DATA SUPPLIED

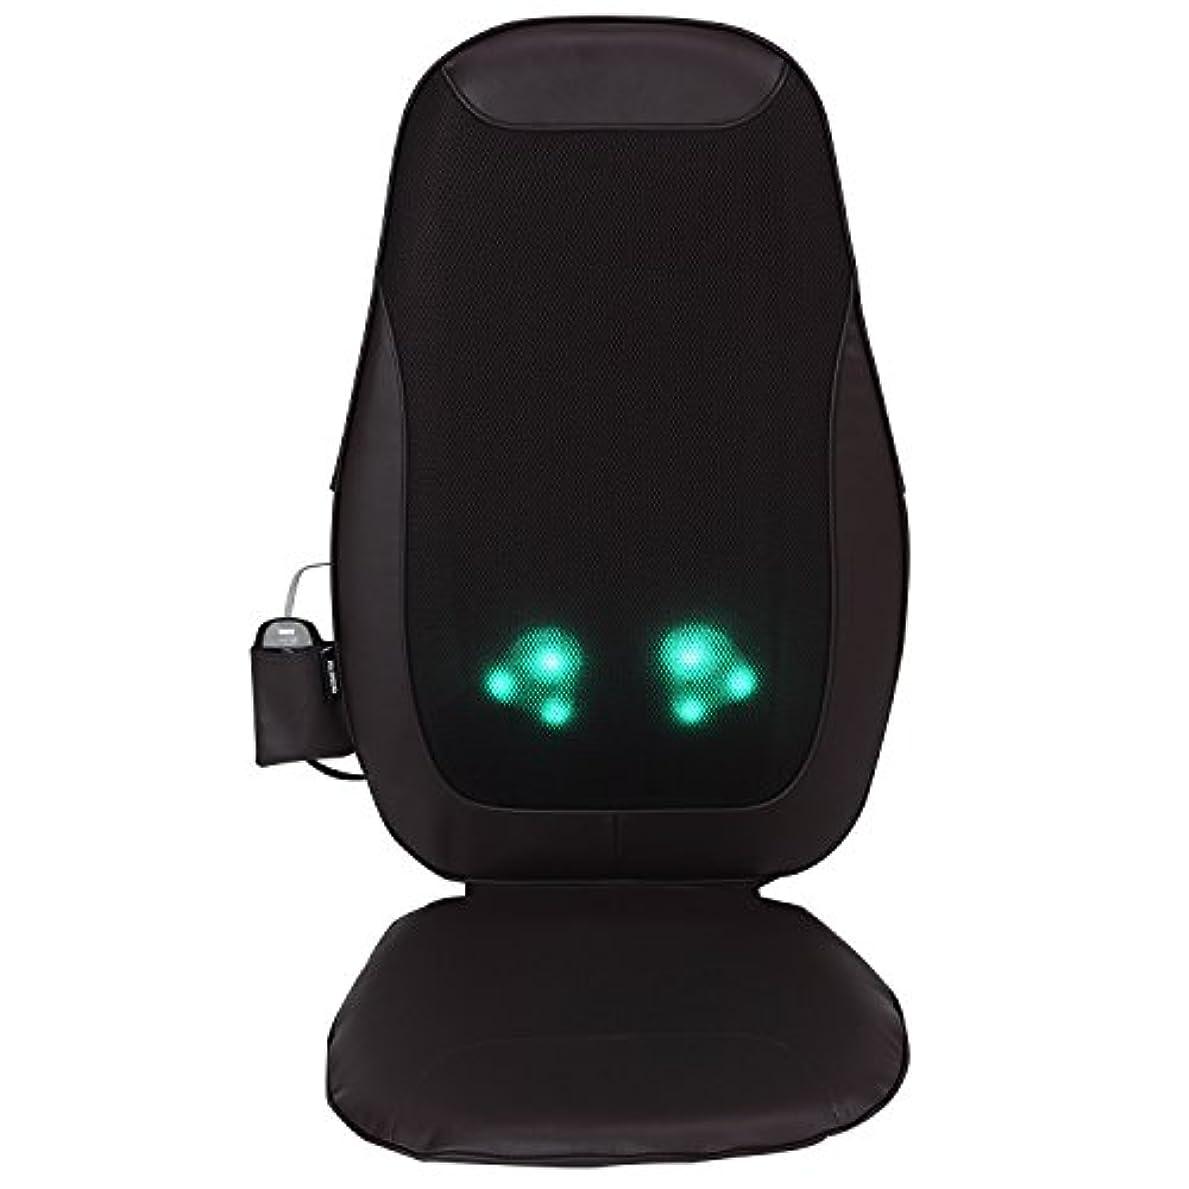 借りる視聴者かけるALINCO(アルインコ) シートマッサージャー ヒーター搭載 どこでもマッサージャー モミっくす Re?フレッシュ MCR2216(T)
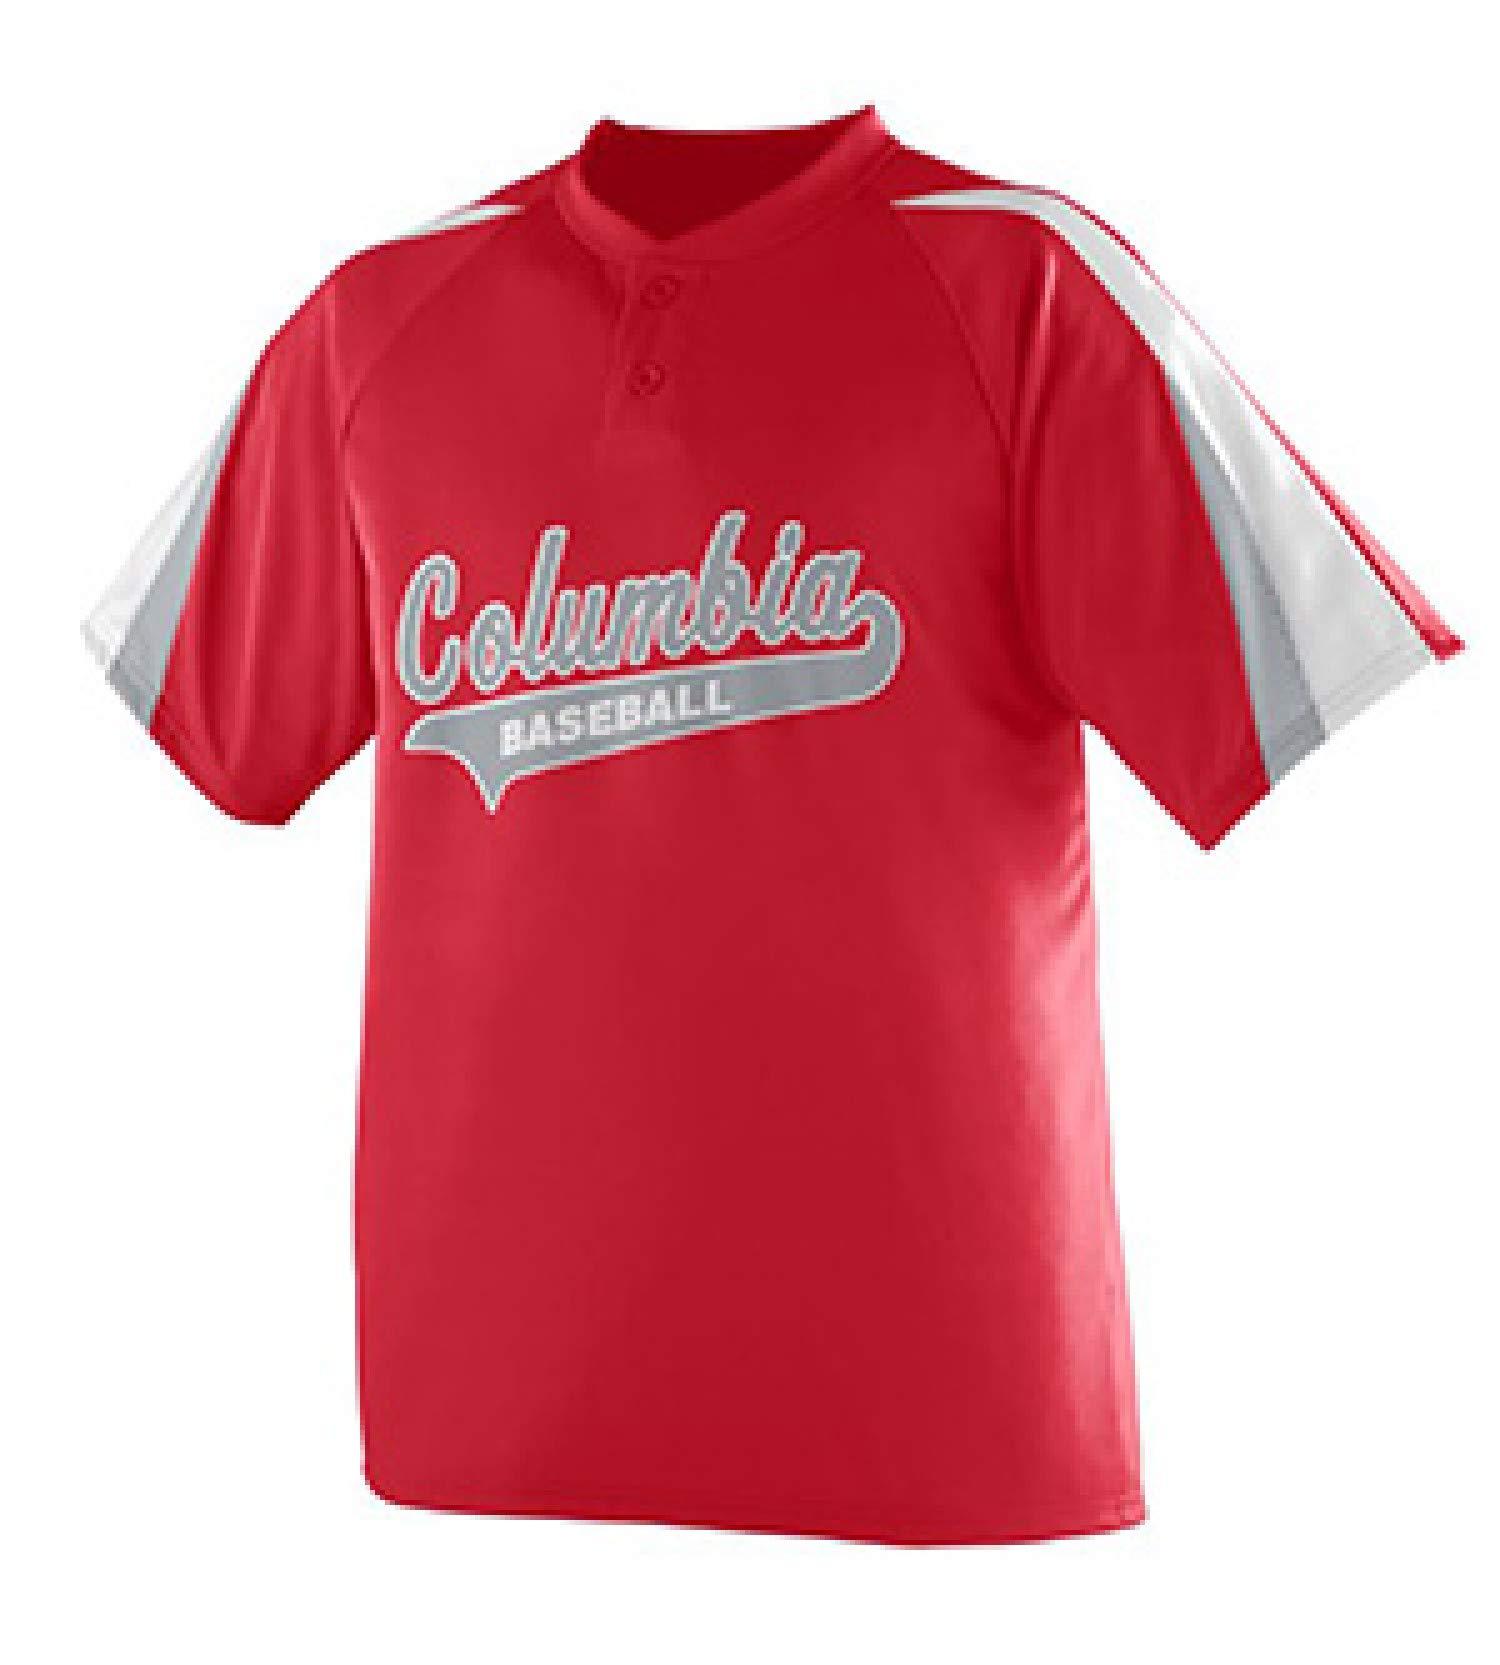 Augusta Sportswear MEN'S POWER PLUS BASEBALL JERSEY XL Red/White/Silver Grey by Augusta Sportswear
--
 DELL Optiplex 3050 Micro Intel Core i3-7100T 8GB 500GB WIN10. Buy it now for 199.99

WORK INSTRUCTION
Beginning with the line above that has "借りる視聴者かけるALINCO(アルインコ) シートマッサージャー ヒーター搭載" and going on through the line that has "Augusta Sportswear MEN'S", retype every line exactly and add nothing else; drop the pictures.

PROBLEM SOLUTION
 借りる視聴者かけるALINCO(アルインコ) シートマッサージャー ヒーター搭載 どこでもマッサージャー モミっくす Re?フレッシュ MCR2216(T)
 Augusta Sportswear MEN'S POWER PLUS BASEBALL JERSEY XL Red/White/Silver Grey by Augusta Sportswear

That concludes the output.